### [Given data]
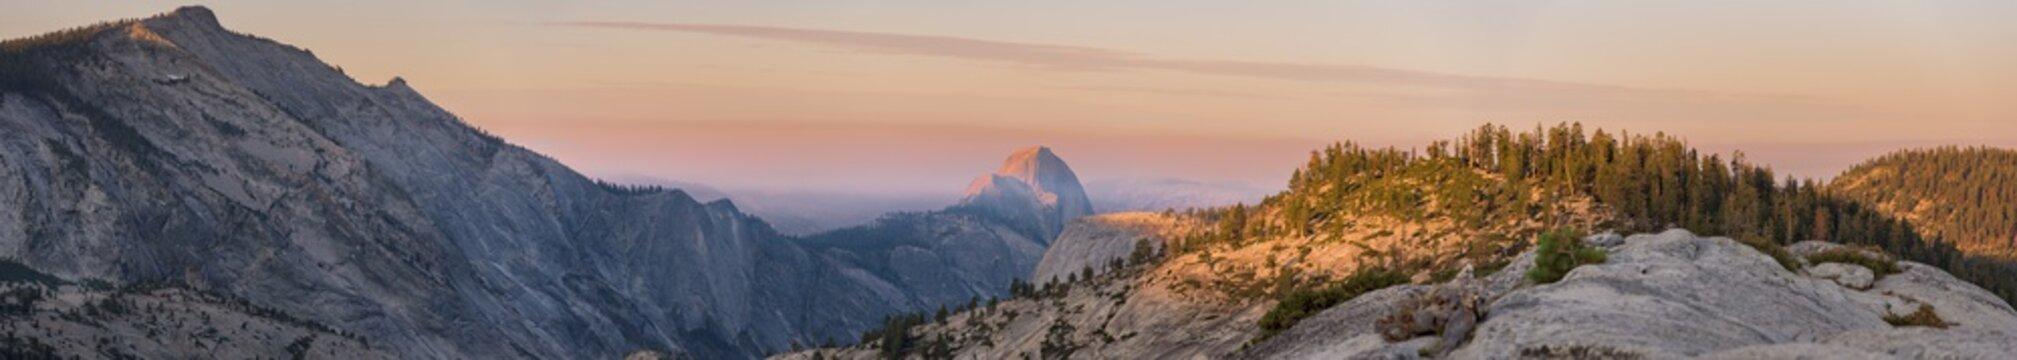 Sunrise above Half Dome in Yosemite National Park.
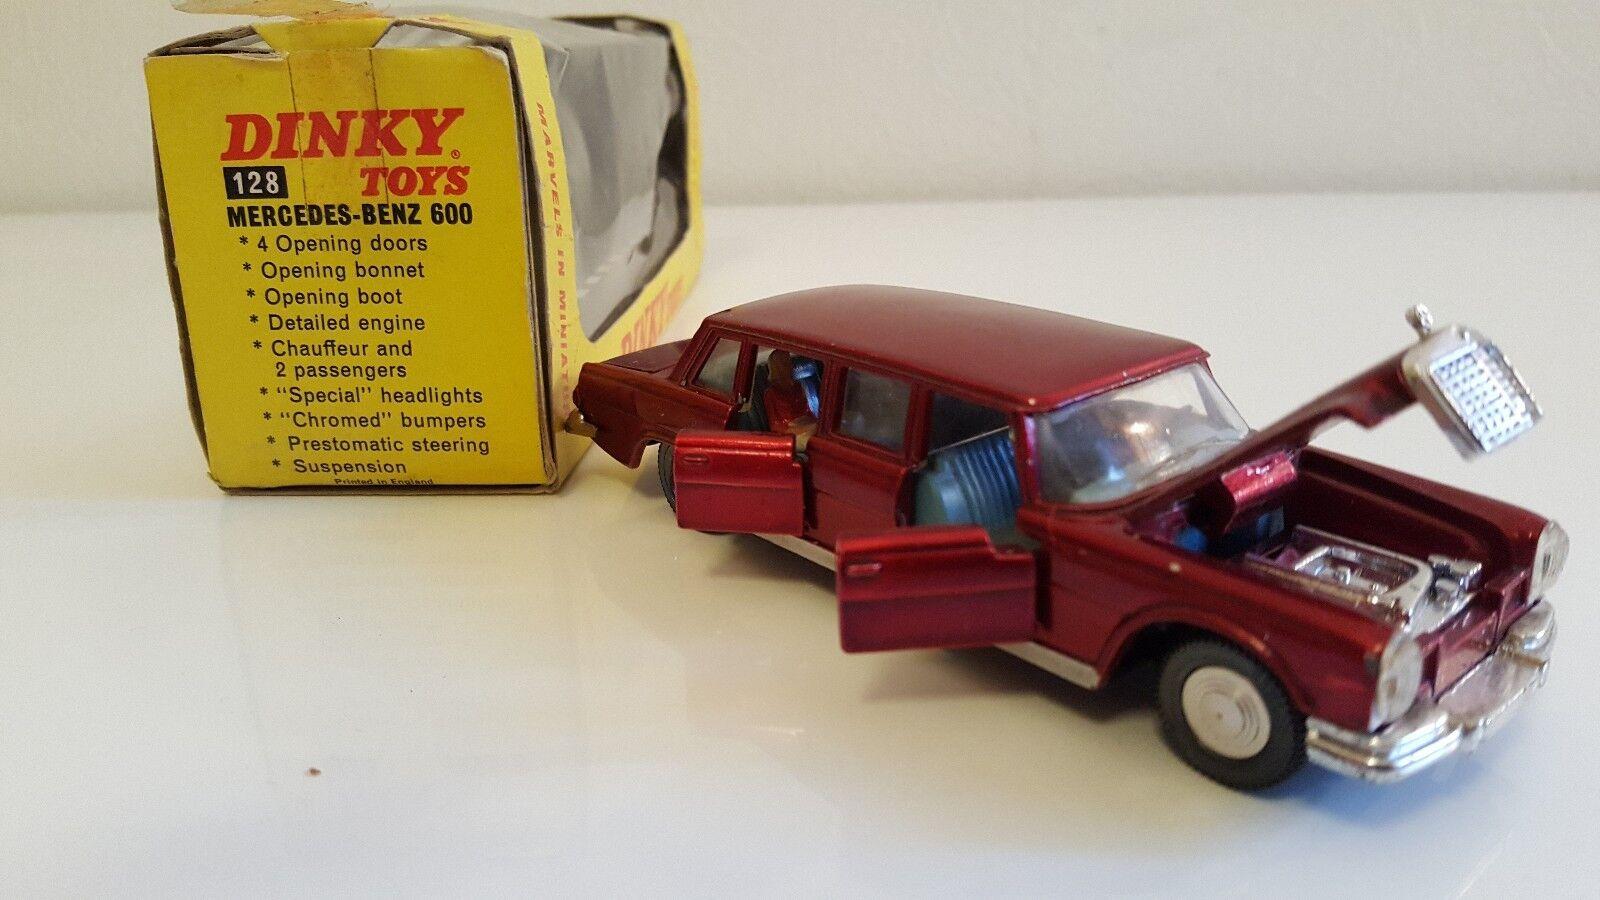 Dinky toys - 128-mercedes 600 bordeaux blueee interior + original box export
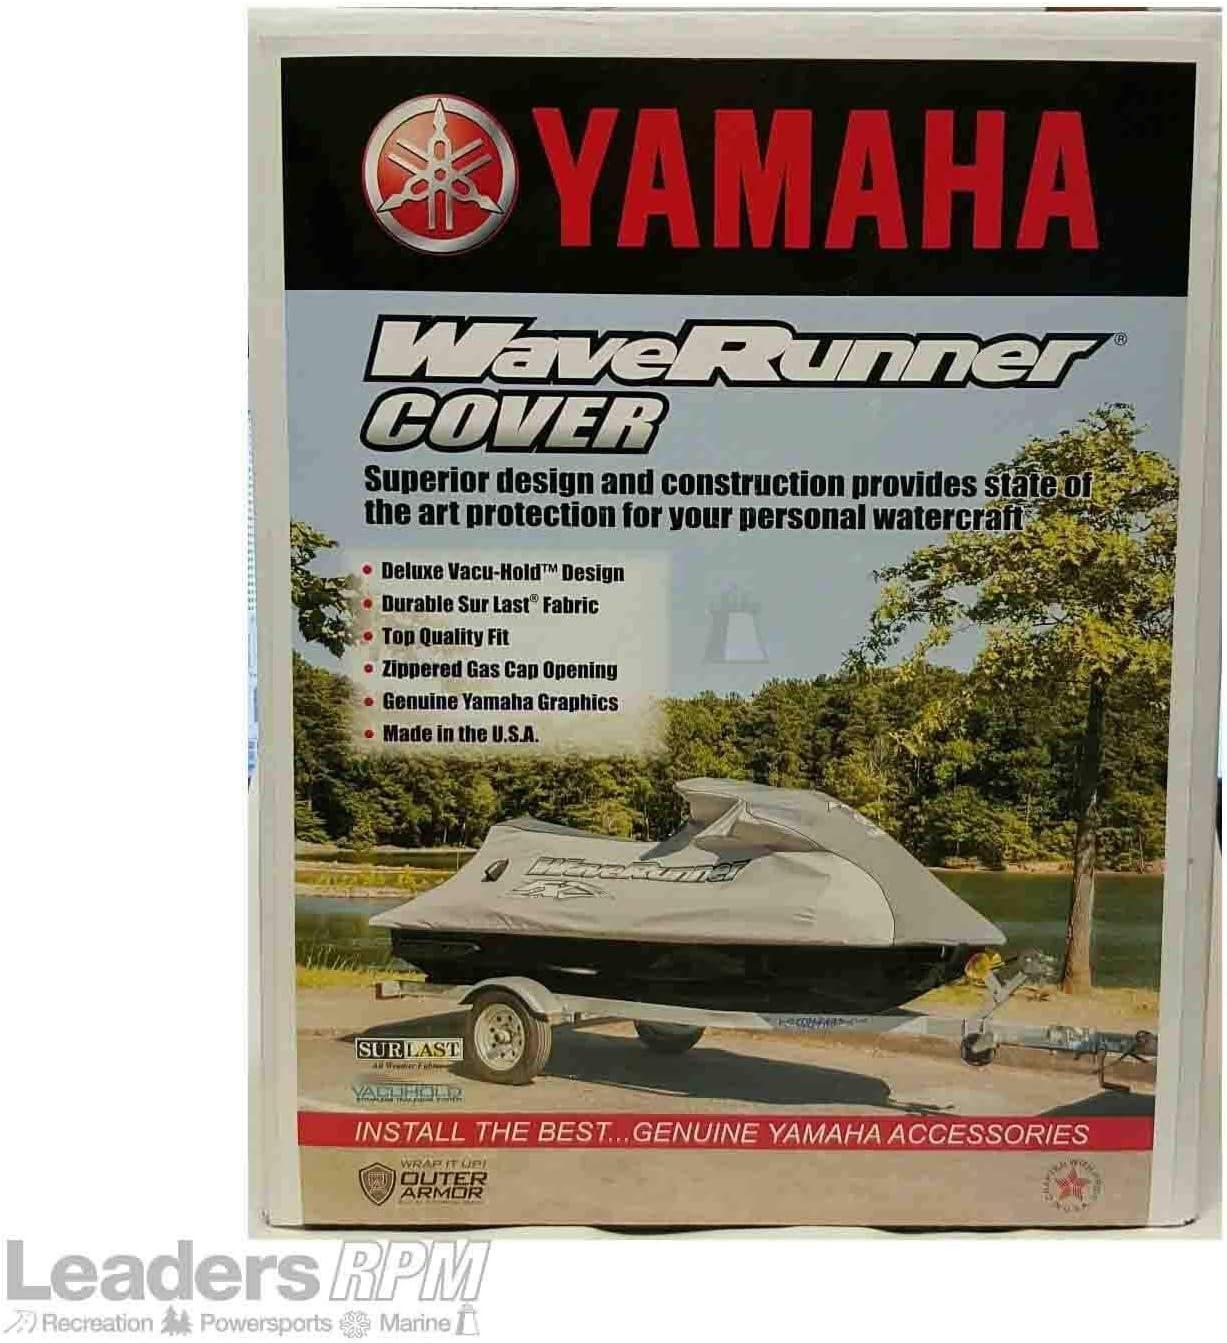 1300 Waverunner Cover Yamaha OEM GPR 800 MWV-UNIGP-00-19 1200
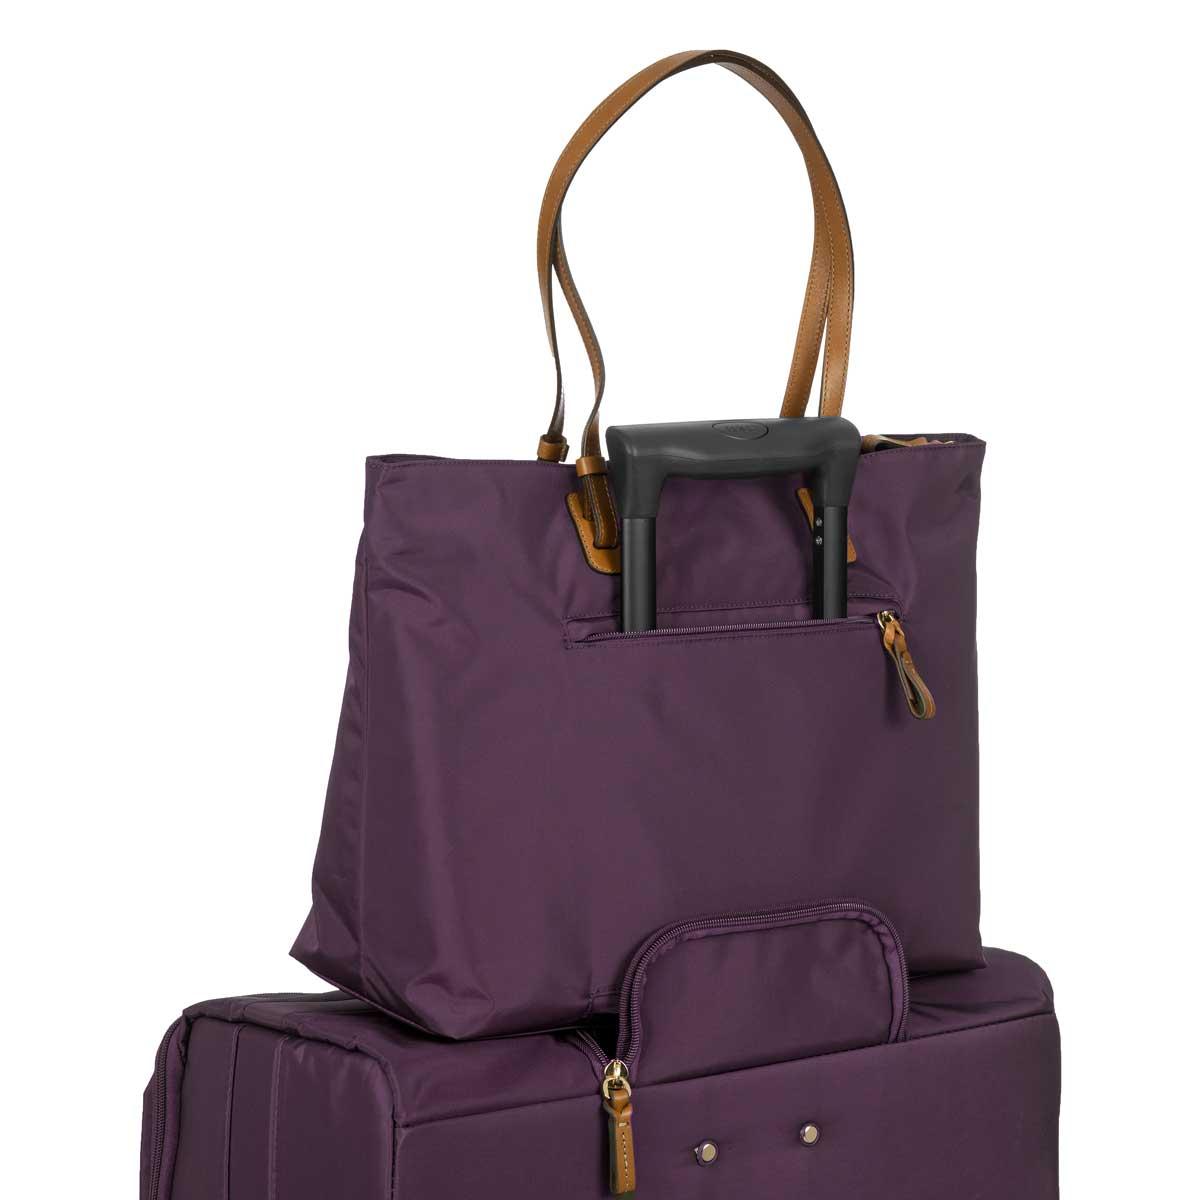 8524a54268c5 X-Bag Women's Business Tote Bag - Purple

### [What to produce]
When repeating the material above, keep every line exact and drop all pictures.

### [Solution for this problem]
 Sunrise above Half Dome in Yosemite National Park.
 Dinky toys - 128-mercedes 600 bordeaux blueee interior + original box export
 1300 Waverunner Cover Yamaha OEM GPR 800 MWV-UNIGP-00-19 1200
 8524a54268c5 X-Bag Women's Business Tote Bag - Purple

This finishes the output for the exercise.